The A-B-C (standing for Adversity, Beliefs and Consequences) model places a lot of emphasis on the way we interpret the setbacks we come up against.
For instance, if your manager is off sick for a long period of time, you might instantly feel overwhelmed at the thought of stepping up to take their place. Just the thought of the increased workload, managing people you’ve never managed before and going into meetings with more senior staff could all be terrifying prospects.
But your HR team may already have started recruiting for someone to support you, as well as organising managerial training for you.
As soon as you’re in a challenging situation, be sure to stick to the facts you know to be true before your mind runs away with you.

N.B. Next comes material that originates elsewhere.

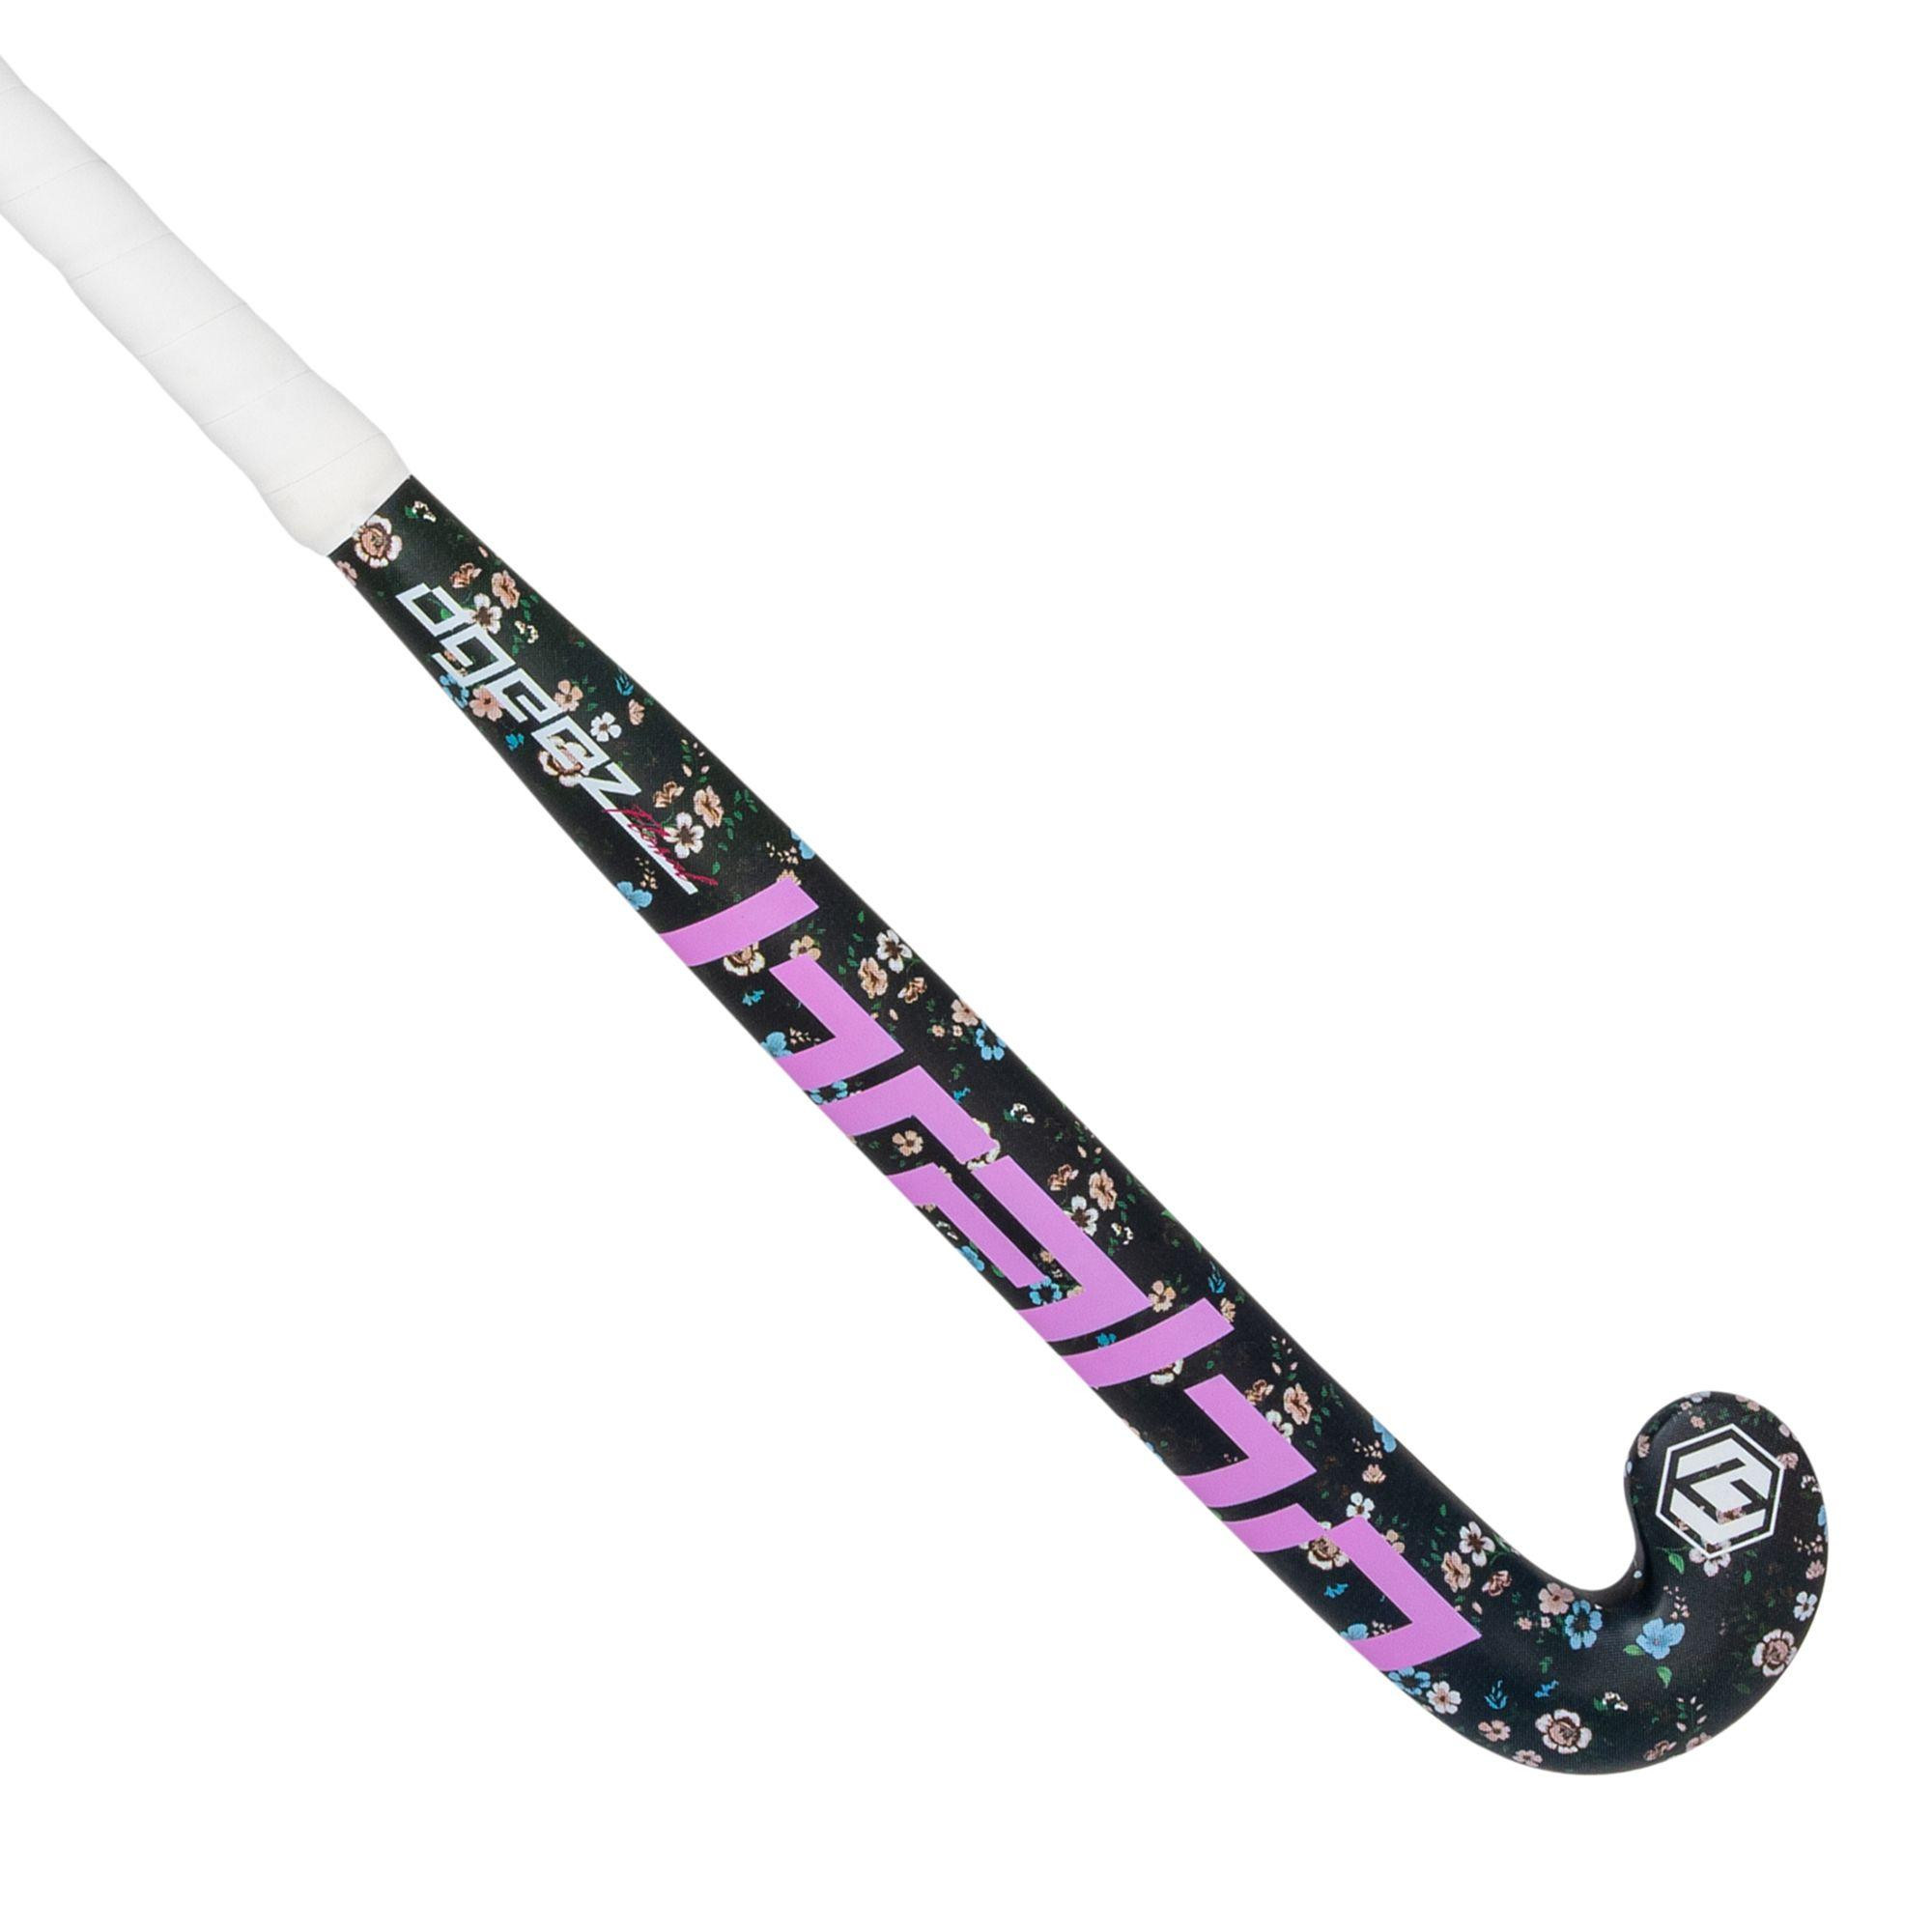 Hockeystick O'Geez Floral Midbow

Ask yourself ‘what are the facts here?’ and ask your colleagues for support, rather than trying to deal with everything by yourself.
Remember that the way you interpret the situation will impact your actions and emotions, so it’s important to take your time learning all the facts, rather than jumping to conclusions.

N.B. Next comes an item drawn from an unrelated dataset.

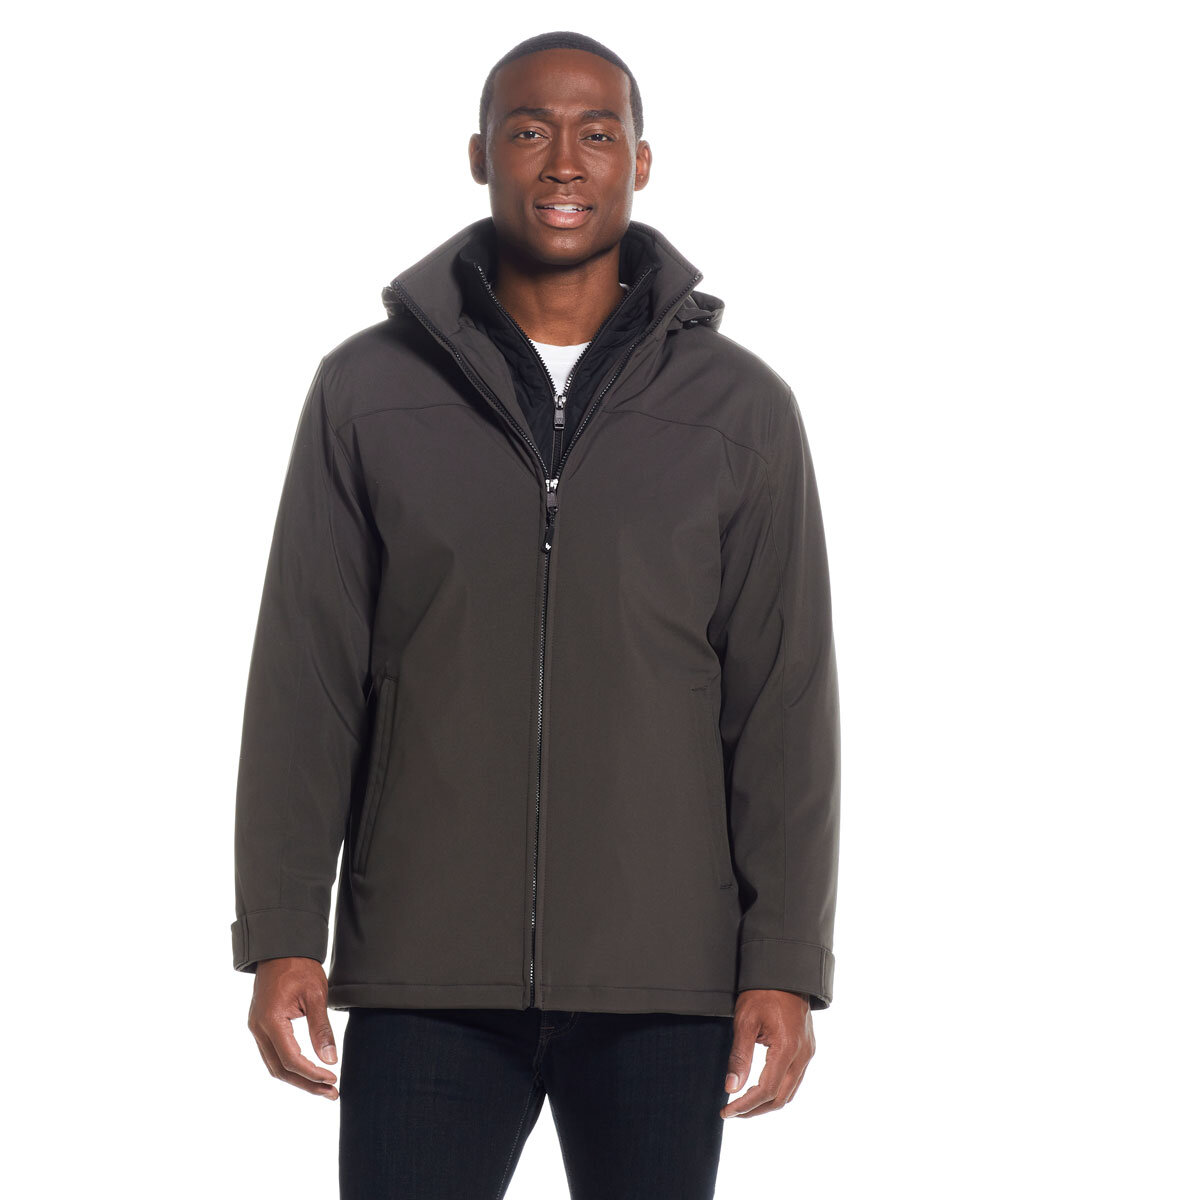 Weatherproof Men's Ultra Tech Flextech Jacket in Brown

6 tips for building resilience in the workplace
#1. Set SMART goals
Setting yourself realistic and achievable SMART goals will help you to stay motivated and push through any obstacles that stand in your way.
Keep them SMART to give yourself a good chance at succeeding at them:
#2. Practice self-care and self-compassion
Looking after yourself physically and emotionally is hugely important when it comes to building resilience.

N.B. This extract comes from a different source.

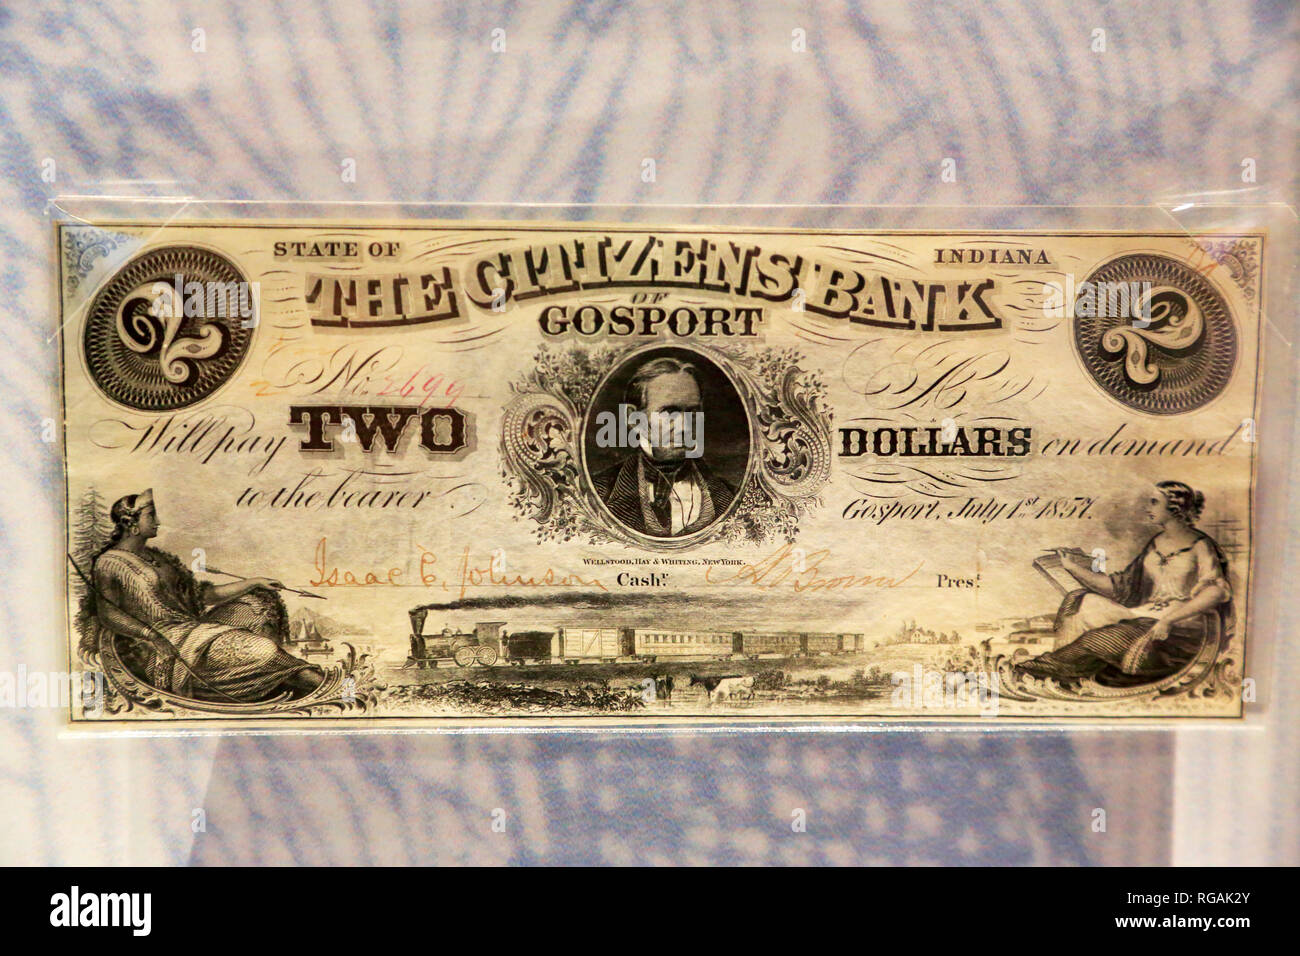 Un document historique deux dollars monnaie émise par la banque des citoyens dans l'Indiana l'affichage à l'argent Museum de Banque fédérale de réserve de Chicago. L'Illinois.USA Banque D'Images

When you know you’re in danger of becoming overwhelmed or your stress levels are too high, use relaxation techniques that work for you like meditation or going for a walk.
Be sure to get a good amount of sleep and talk to yourself in a positive way. Don’t let your inner critic get the better of you.
#3. Develop a growth mindset
A positive growth mindset will set you in good stead for becoming a more resilient person.
When you have a growth mindset rather than a fixed mindset, you see failures as opportunities to learn and grow. A good way to think about this is to say to yourself, ‘there are no failures, there is only feedback.’
Start to see any challenges as a way for you to improve and learn, rather than a setback.
#4. Build a strong support network
Having a good selection of people around you who can pick you up when you’re feeling down is vital.
It’s always good to have a mixture of perspectives to call on so find a good collection of colleagues, friends and family that you can talk to.
#5. Be more assertive
Once you start to become more assertive, you’ll be able to set boundaries for yourself that your colleagues won’t overstep.
For example, if you have a tight deadline for a project and a colleague from a different department tries to give you more work to complete, you’ll be able to assertively state that you won’t be able to take on any more tasks until the initial project is complete.
In turn, this will help to build your resilience against overwhelm.
#6. Reflect on your achievements
Stopping to reflect on your achievements will help you see how far you’ve already come and how much you’re capable of.
Set aside some time at the end of each week to list the small and big achievements you’ve had that week. Whether it’s an important pitch going well or having a really productive 1:1 with a team member, when you stop and reflect, you’ll realise that you’ve overcome setbacks in the past and you’ve made it through.
Resilience is a skill that can certainly be built over time, with the right mindset and support network around you.
Taking the time to strengthen your resilience to setbacks will help you to move forward in your career, rather than being held back by overwhelm or obstacles.